Friday, January 15, 2010

Usability Risk

Granted, I'm still in the honeymoon phase on my new team, but what a honeymoon! This week we had some great meetings with key players to define the role of the UX Architects and add that to the existing team roles. There's a double gasp here. First, this team already has a well-defined Scrum process that identifies all of the roles, and which documents what their activities are before, during, and after a project and a Sprint. Second gasp is that they are including the UX Architect role in that documentation to ensure that we all understand how we support the development of new services.

As we discussed the different things we could do and could produce, we noted that not every feature (or story) would need the full rigor of every UX activity and every UX artifact. So one of our important activities at the beginning of each project and each Sprint is to determine the level of usability risk each feature or story could have and to plan the appropriate level of UX involvement.

Usability risk is a concept that I first learned while working for my Usability Hero/Mentor Loren Burke. Loren had started his usability career at IBM as a project manager in charge of saving programs that had landed in the ditch. He developed a keen sense of the need to identify user acceptance issues that could kill a product or web app and then focus on those items. Shout out to Loren!

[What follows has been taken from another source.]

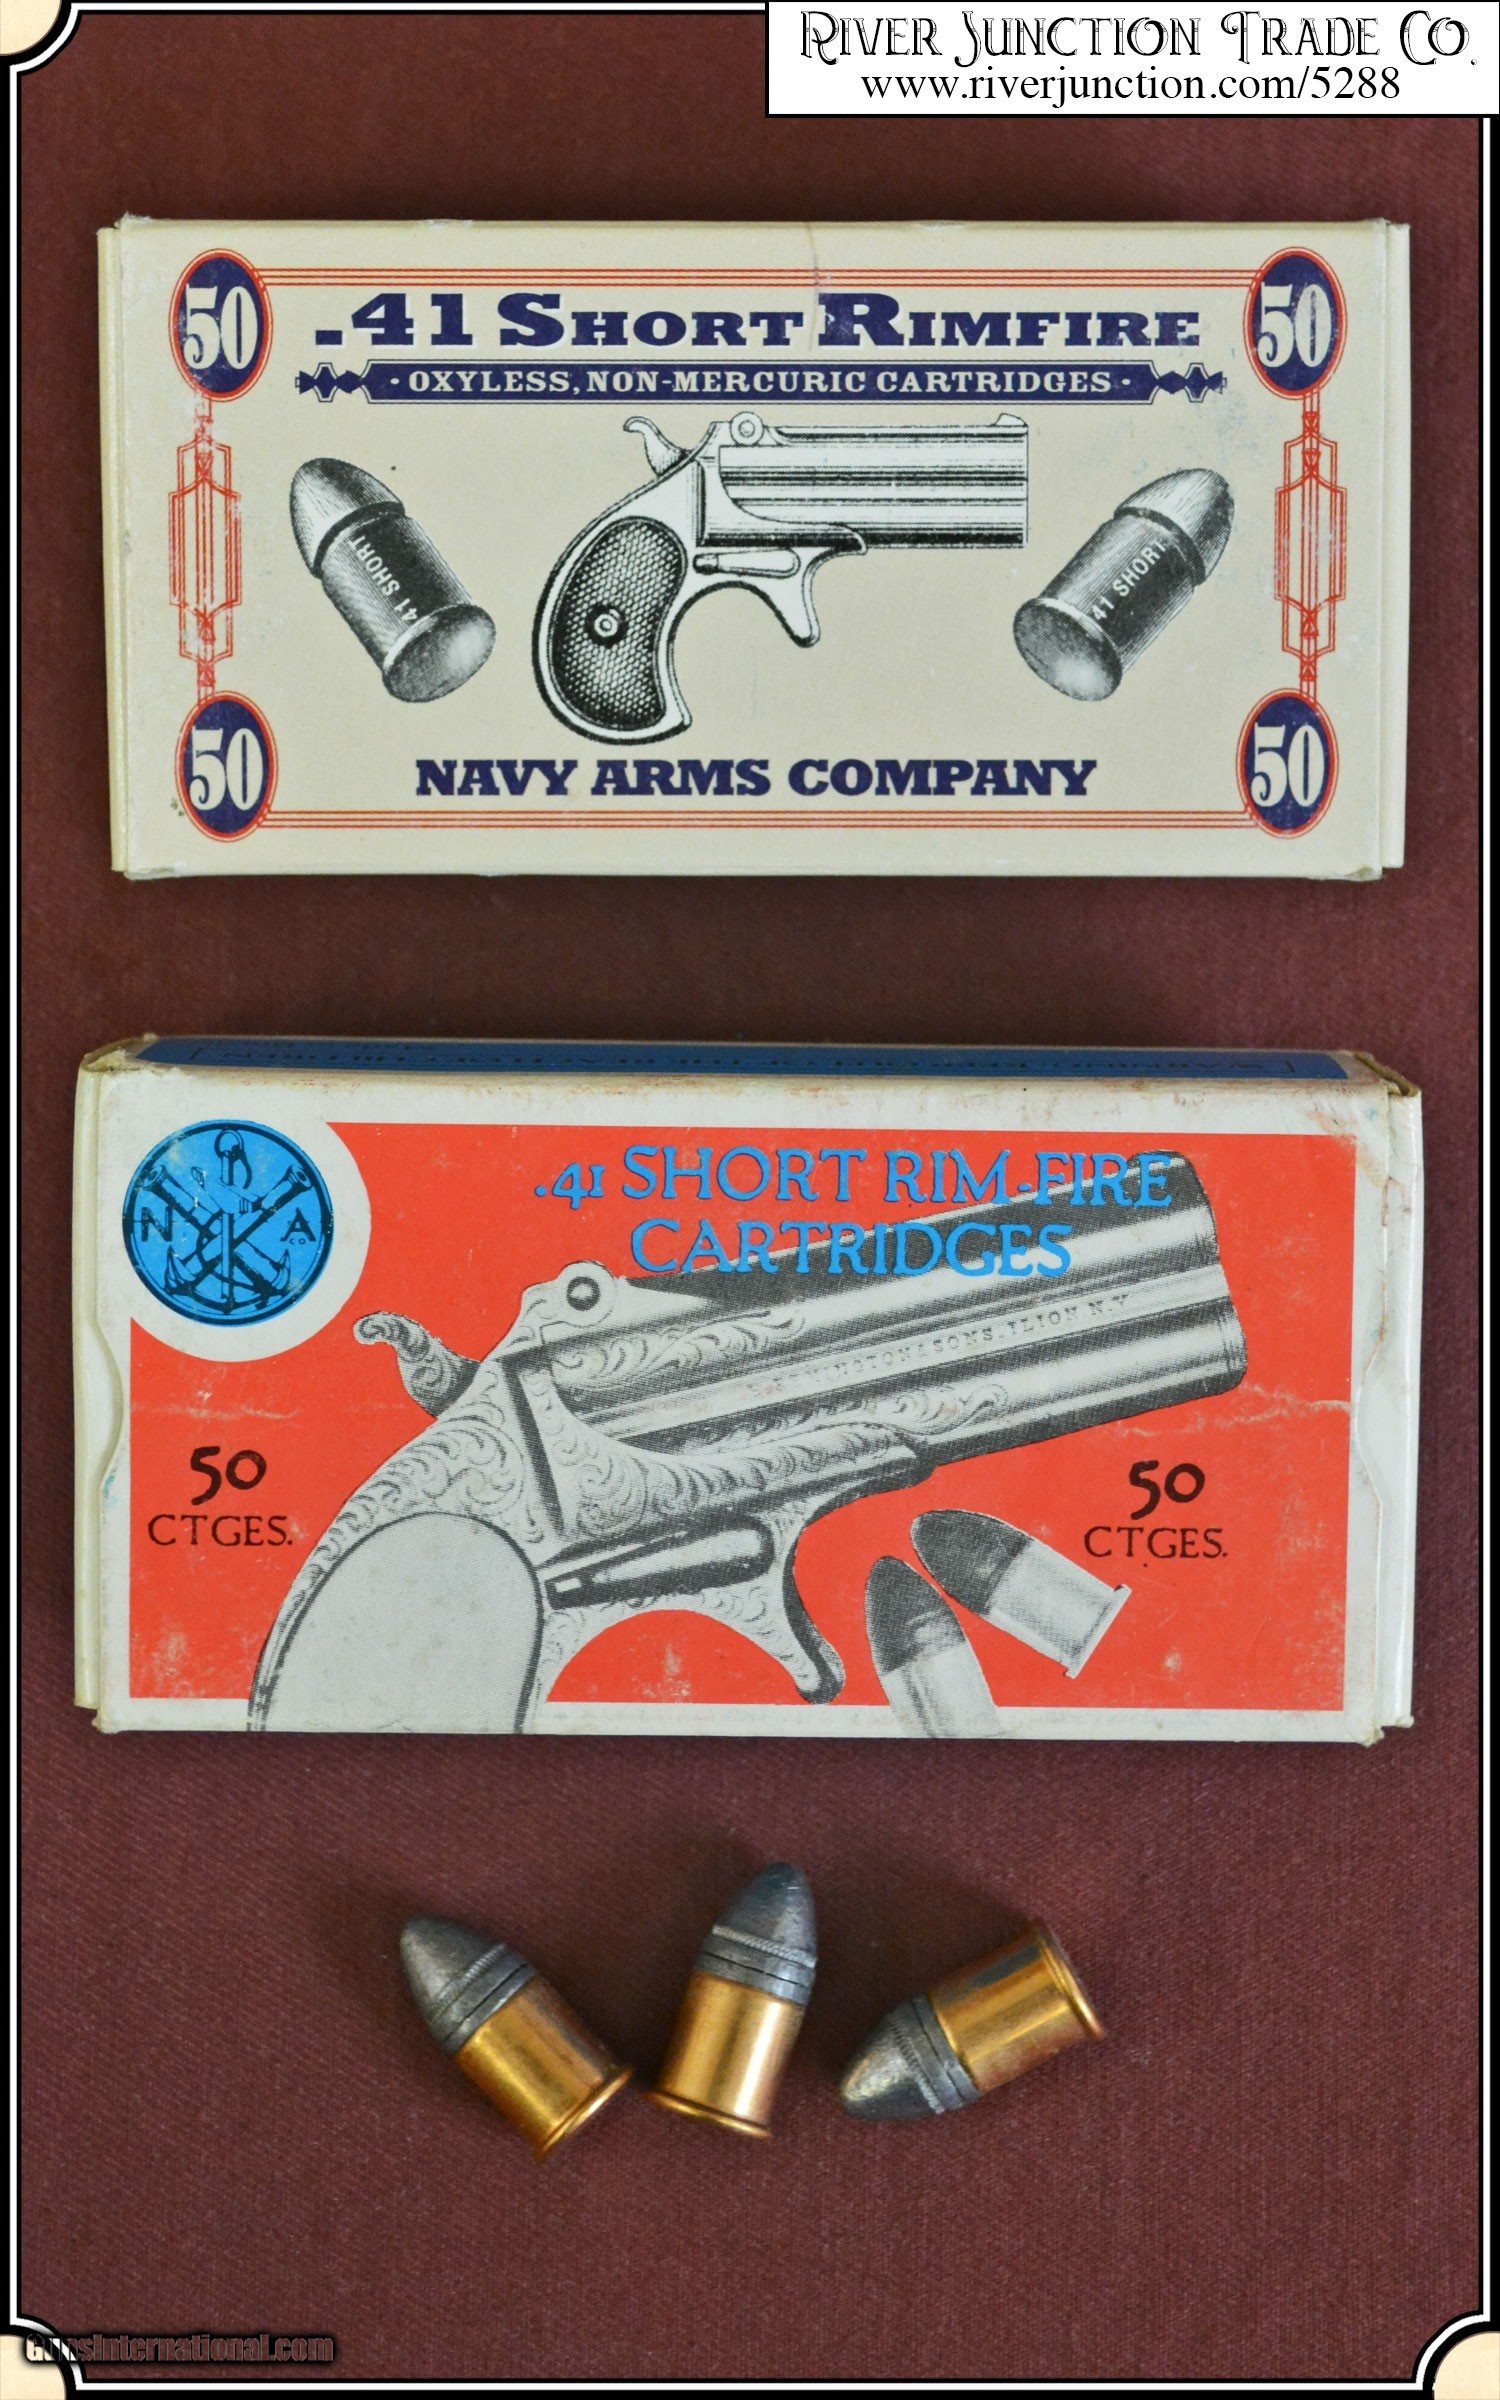 41 caliber Rim-fire ammo by Navy Arms 1 box of 50 rounds

The other UX Architect and I now need to codify what criteria we will use to assess usability risk for our kinds of products. My own brainstorming would start with these considerations:
  • Is there a UI? (No UI equates to low risk.)
  • How complex is the UI? (Greater complexity means greater usability risk.)
  • How much interactivity is in the UI? (The more ways there are to interact, the greater the risk.)
  • How tied in is the UI to a critical business driver? (Don't spend resources on features that represent minor impact on the business success of the product or service.)
  • How new are the interactions and content in the UI to the development team? (New stuff carries risk.)
  • How new are the interactions and content in the UI to the user? (New tricks for old dogs are risky.)
  • Where in the user task flow would the UI occur? (Earlier equates to higher risk--users are more judgmental during first impressions. Loren's greatest contribution to usability was creating the concept of "judgment window," the early user experience with a product or service that flavored their ongoing acceptance of the product or service.
What other risk criteria do you use? What would you add to this list?